"Science has taught me that everything is more complicated than we first assume, and that being able to derive happiness from discovery is a recipe for a beautiful life."Hope Jahren in Lab Girl
Lab Girl is a nature lover's story about digging in dirt and discovering new things about old growth. It's a scientist's story about running experiments and waiting and wondering and asking for funds and fending off doubt. It's a Midwesterner's story of moving south and east and west and noticing the differences. It's a girl's story about growing up to be what she wants to be. And it's a woman's story about fighting stereotypes, sacrificing, feeling vulnerable, trusting in friendship, getting sick, getting help, finding love, and writing it all down.

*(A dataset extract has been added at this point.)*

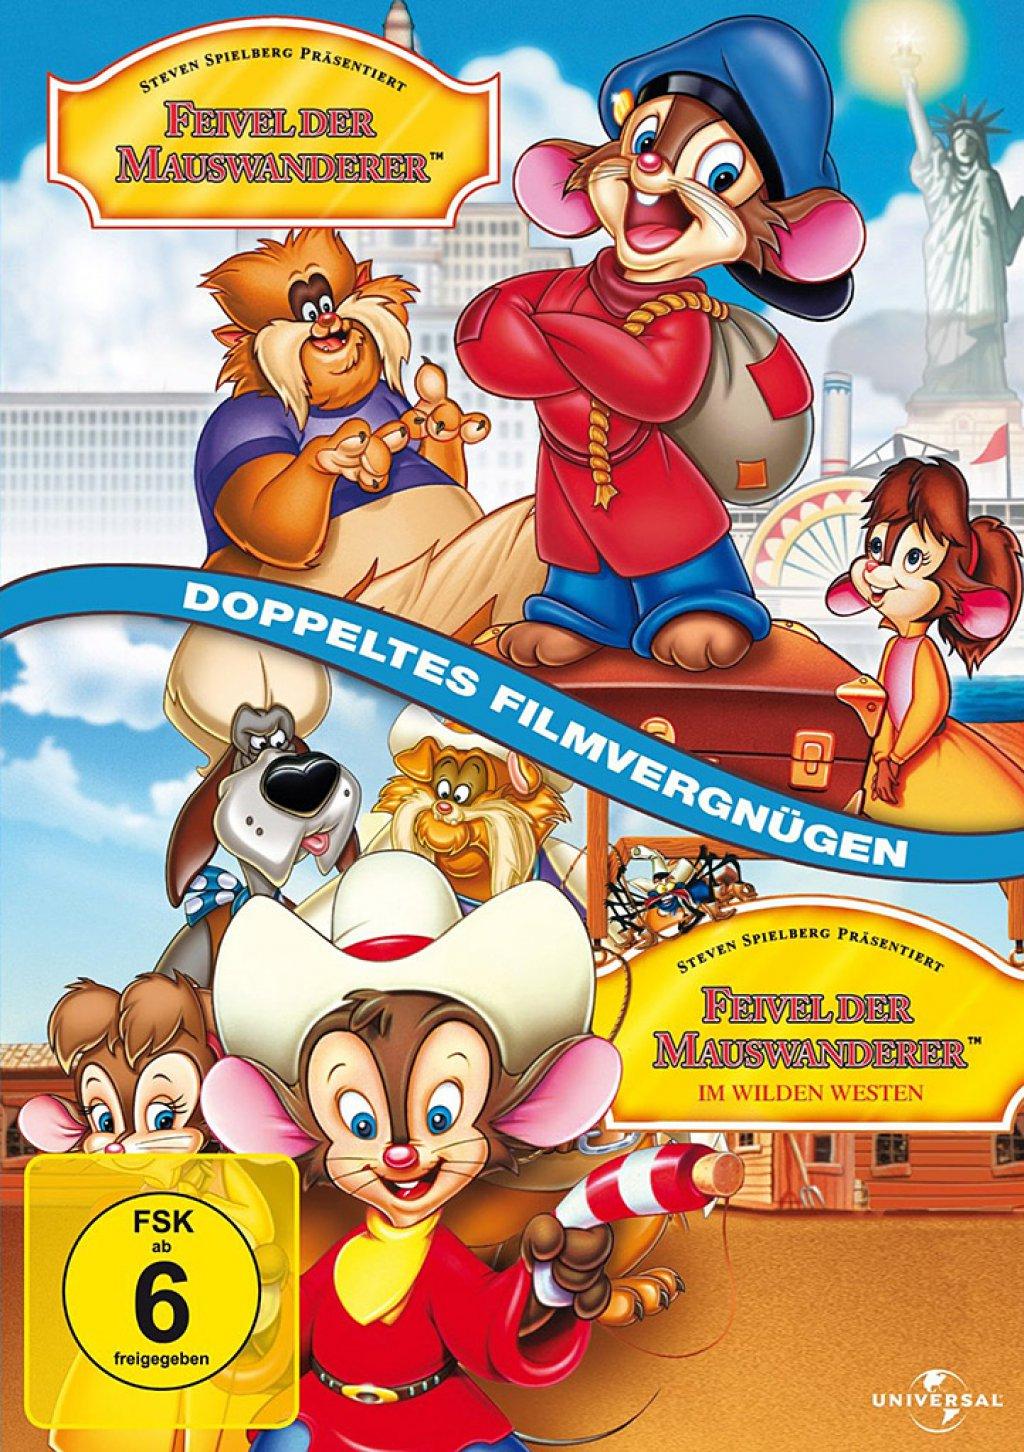 Feivel der Mauswanderer & Feivel der Mauswanderer 2 - Im Wilden Westen (DVD)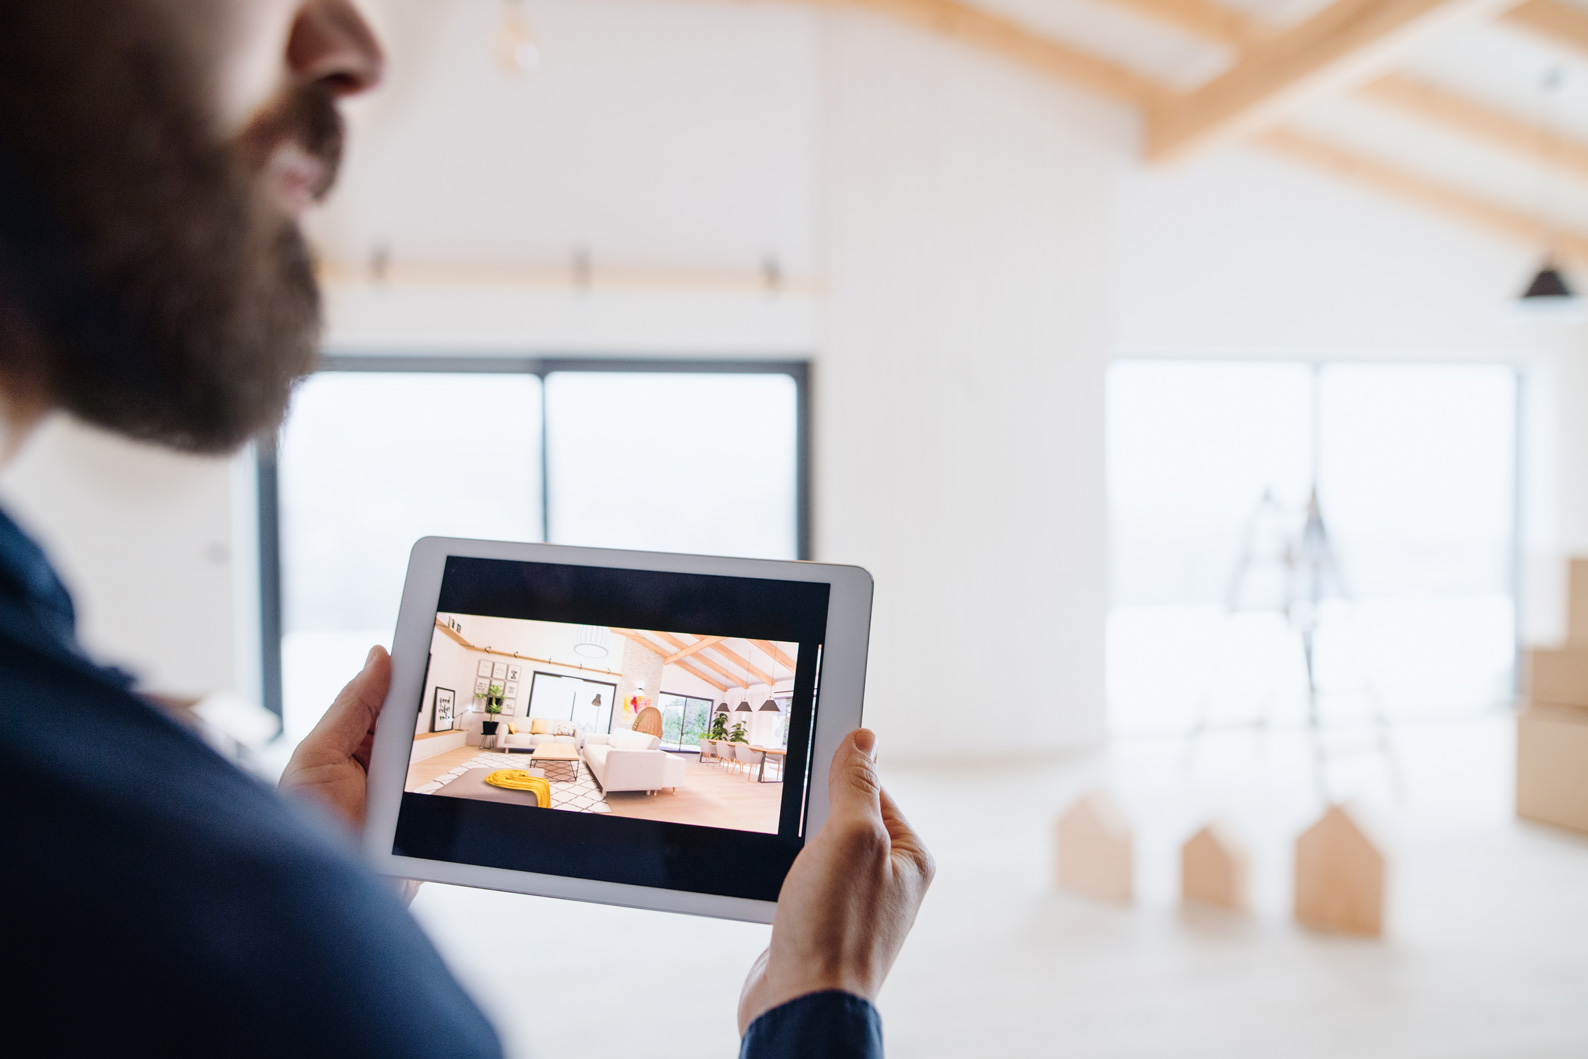 How to Build an Impressive Interior Design Portfolio

Hope Jahren is a geobiologist from rural Minnesota who not only knows her trees and flowers, but "has some serious literary chops" (Washington Post). Her award-winning, bestselling memoir Lab Girl tells the story of a young woman who finds friendship in odd places, battles bipolar disorder, perseveres through setbacks and relishes hard-earned triumphs, and becomes a respected scientist and passionate observer of the natural world. Called one of the best books of the year by, among others, Entertainment Weekly, Elle, Time, and NPR, the memoir "does for botany what Oliver Sacks's essays did for neurology, what Stephen Jay Gould's writings did for paleontology" (New York Times). It's "Immediately engrossing and extremely readable" (the Guardian). Cheryl Strayed, bestselling author of the memoir Wild, describes it as "deeply inspiring" and award-winning author Ann Patchett says it "makes me wish I'd been a scientist." "From the prologue on, a reader itches to call out fun facts to innocents nearby," writes the Seattle Times. "Jahren writes with such flair that a reviewer is tempted to just move out of the way and quote her."